In some embodiments, the loose core star polymers may also require significantly less cross linker and/or chain transfer agent in their preparation. The chain transfer agents are often the most expensive components used to prepare these materials so any decrease in the amounts required to prepare the star polymer can have a significant impact on the costs of the polymer, and so is highly desirable.


Another benefit of the loose core star polymers of the invention is that they, in some embodiments, can be made with a significantly lower amount of multi-functional monomer while still providing a star with the same number and size (molecular weight) arms, and so likely similar performance. The multi-functional monomer is another very expensive component used in the preparation of star polymers so any decrease in the amount of multi-functional monomer required to prepare the star polymer can have a significant impact on the costs of the polymer, and so is highly desirable.


The loose core star polymers of the invention are star polymers containing at least three arms.

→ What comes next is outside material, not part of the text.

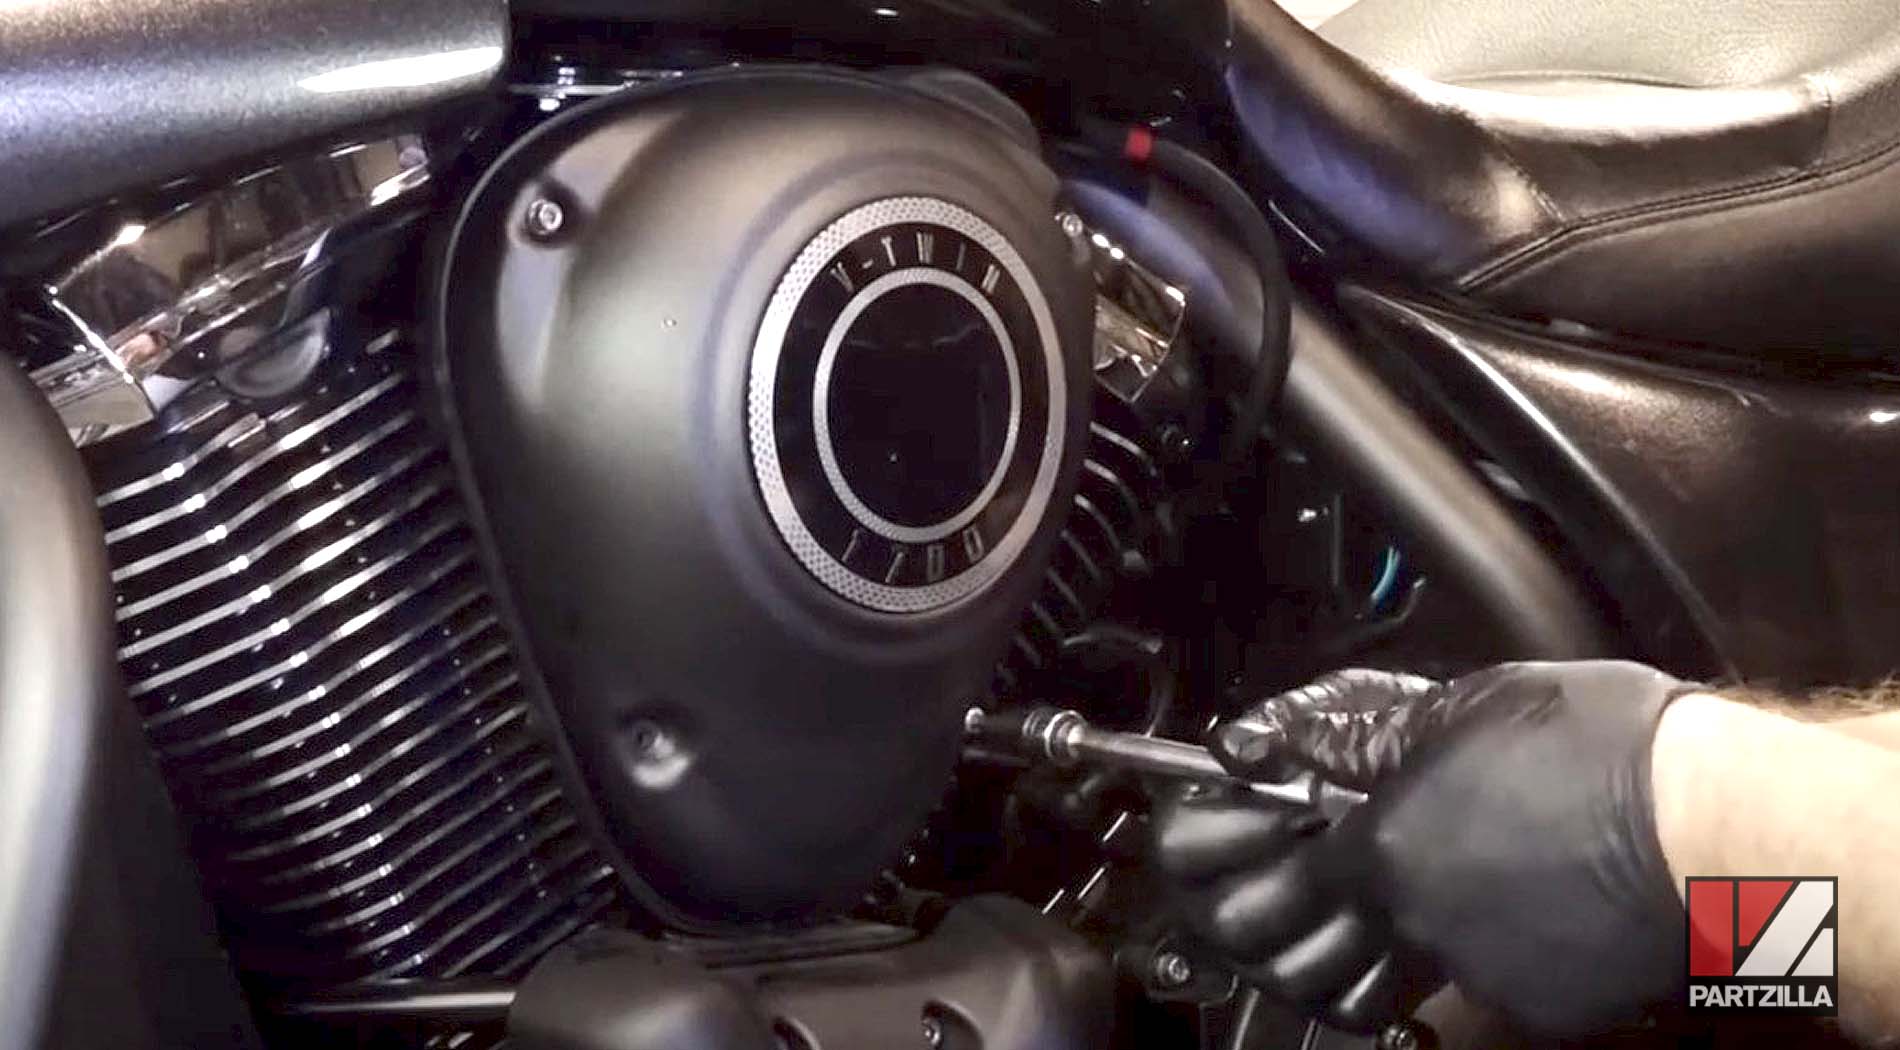 Motorcycle air filter change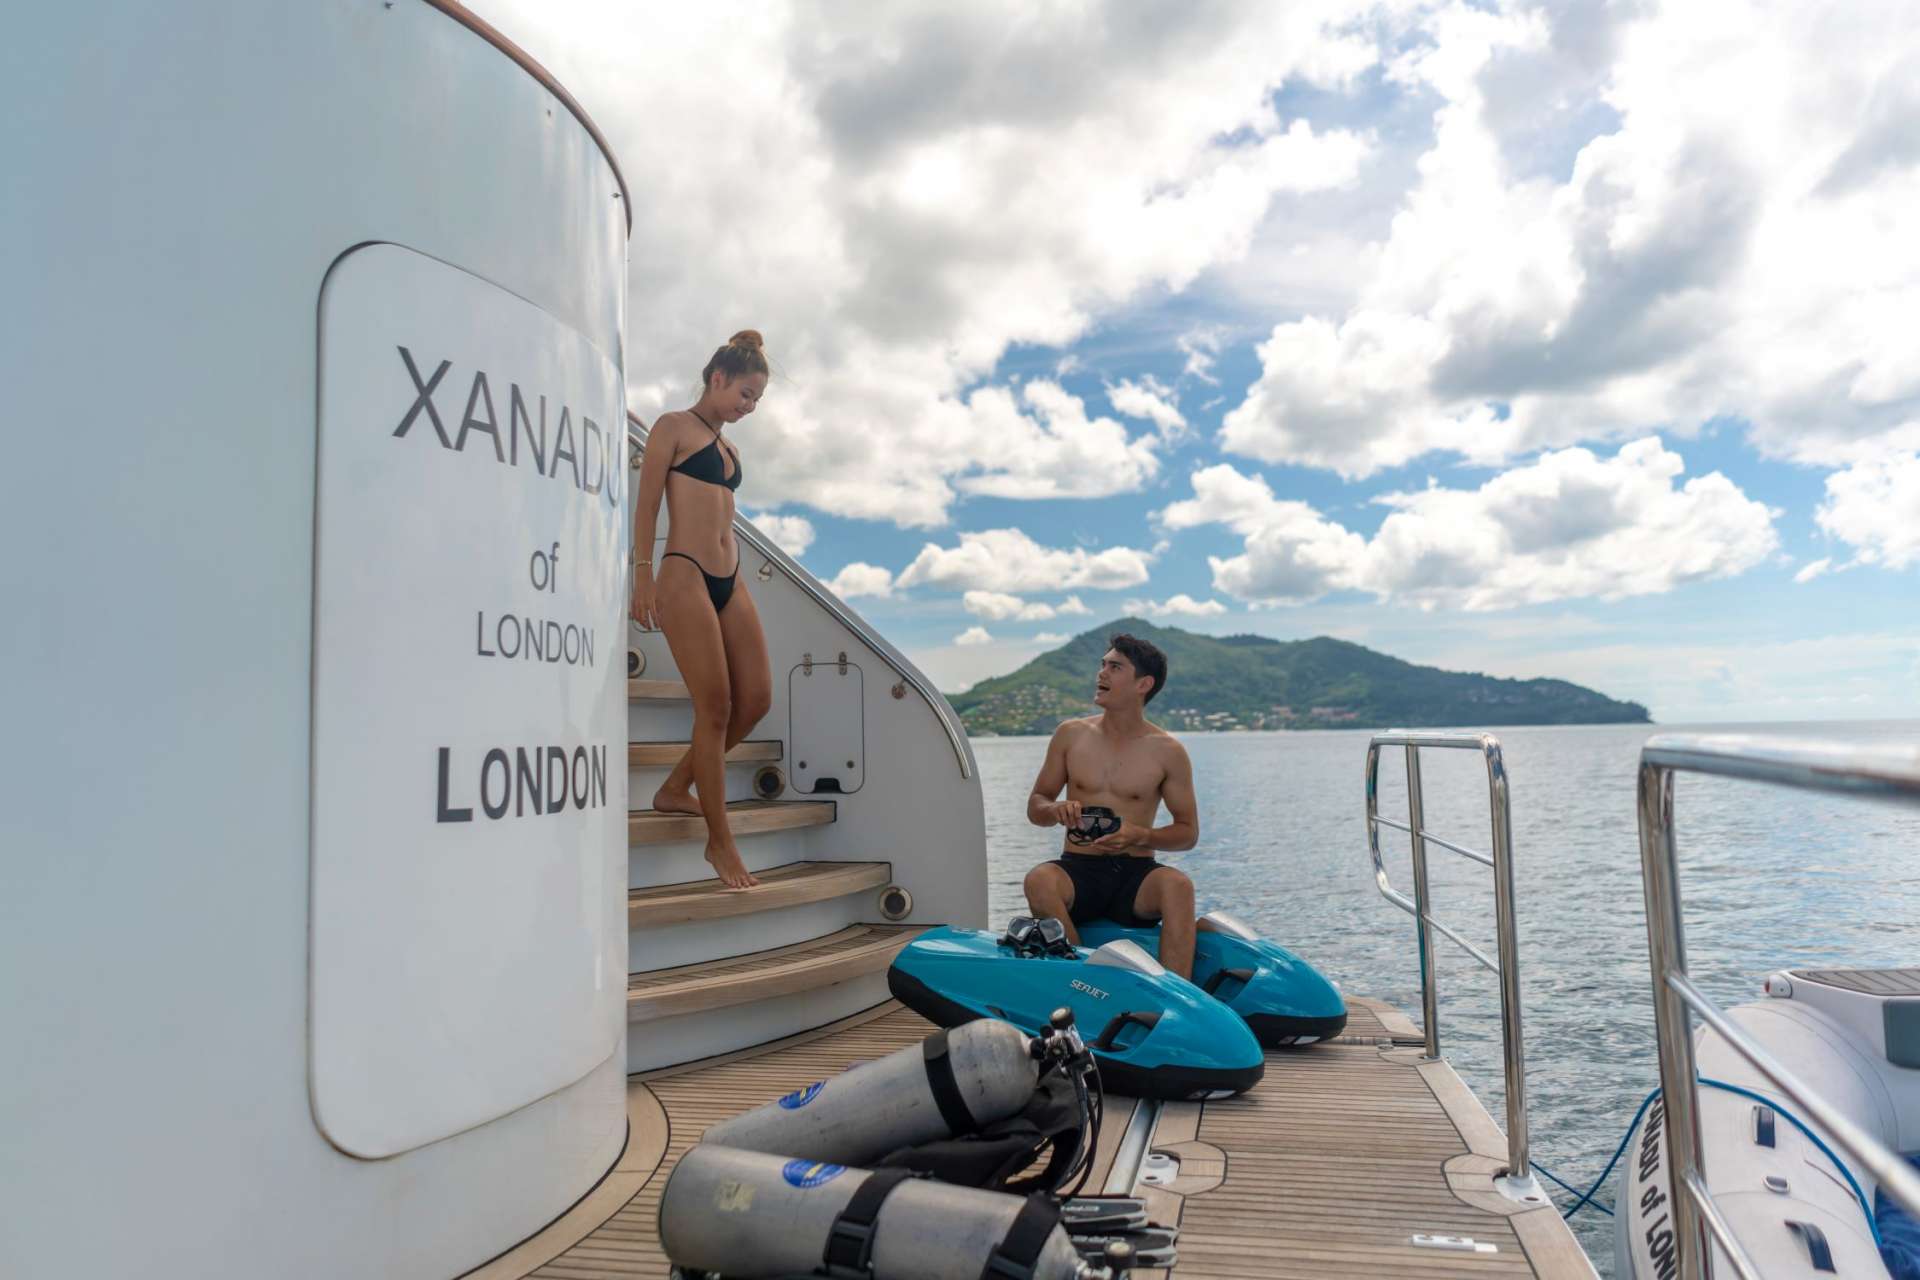 xanadu of london - Luxury yacht charter Thailand & Boat hire in SE Asia 5

The core of the loose core star polymer is a crosslinked network derived from a mixture of monomers that includes (a) one or more multi-functional monomers, and (b) one or more mono-functional monomers. The arms of the loose core star polymer are derived from a polymer chain mixture comprising polymer arm precursors made from (i) one or more mono-functional monomers, wherein said precursors include at least one reactive end group. In some embodiments, the polymer arm precursors made from a mixture of (i) one or more mono-functional monomers, (ii) a chain transfer agent, and (iii) an initiator, wherein said precursors include at least one reactive end group.


The term “reactive end group” as used herein means a functional group located at or near the end of the described polymer arm precursors. These functional groups are capable of further reaction with other monomers or polymers and are sometimes referred to as “living”. The specific types of end group typically vary from one method of polymerization to another, which are discussed in greater detail below. Examples of suitable end groups include dithiocarbonates (also known as xanthates), trithiocarbonates, halogens, nitroxides, etc. Any of the various methods of polymerization, and reactive end groups, may be used to produce the star polymers of the present invention, so long as the described polymer arm precursors can be prepared to have a reactive end group.


In some embodiments, the loose core star polymers can have a number average molecular weight from about 60,000 up to about 1,500,000 or from about 70,000, 100,000, or even 200,000 up to about 400,000, 750,000, or even 1,300,000. The loose core star polymers can have a number average molecular weight of at least about 70,000, 150,000, or even 250,000 and no more than about 1,500,000, 900,000, or even 350,000.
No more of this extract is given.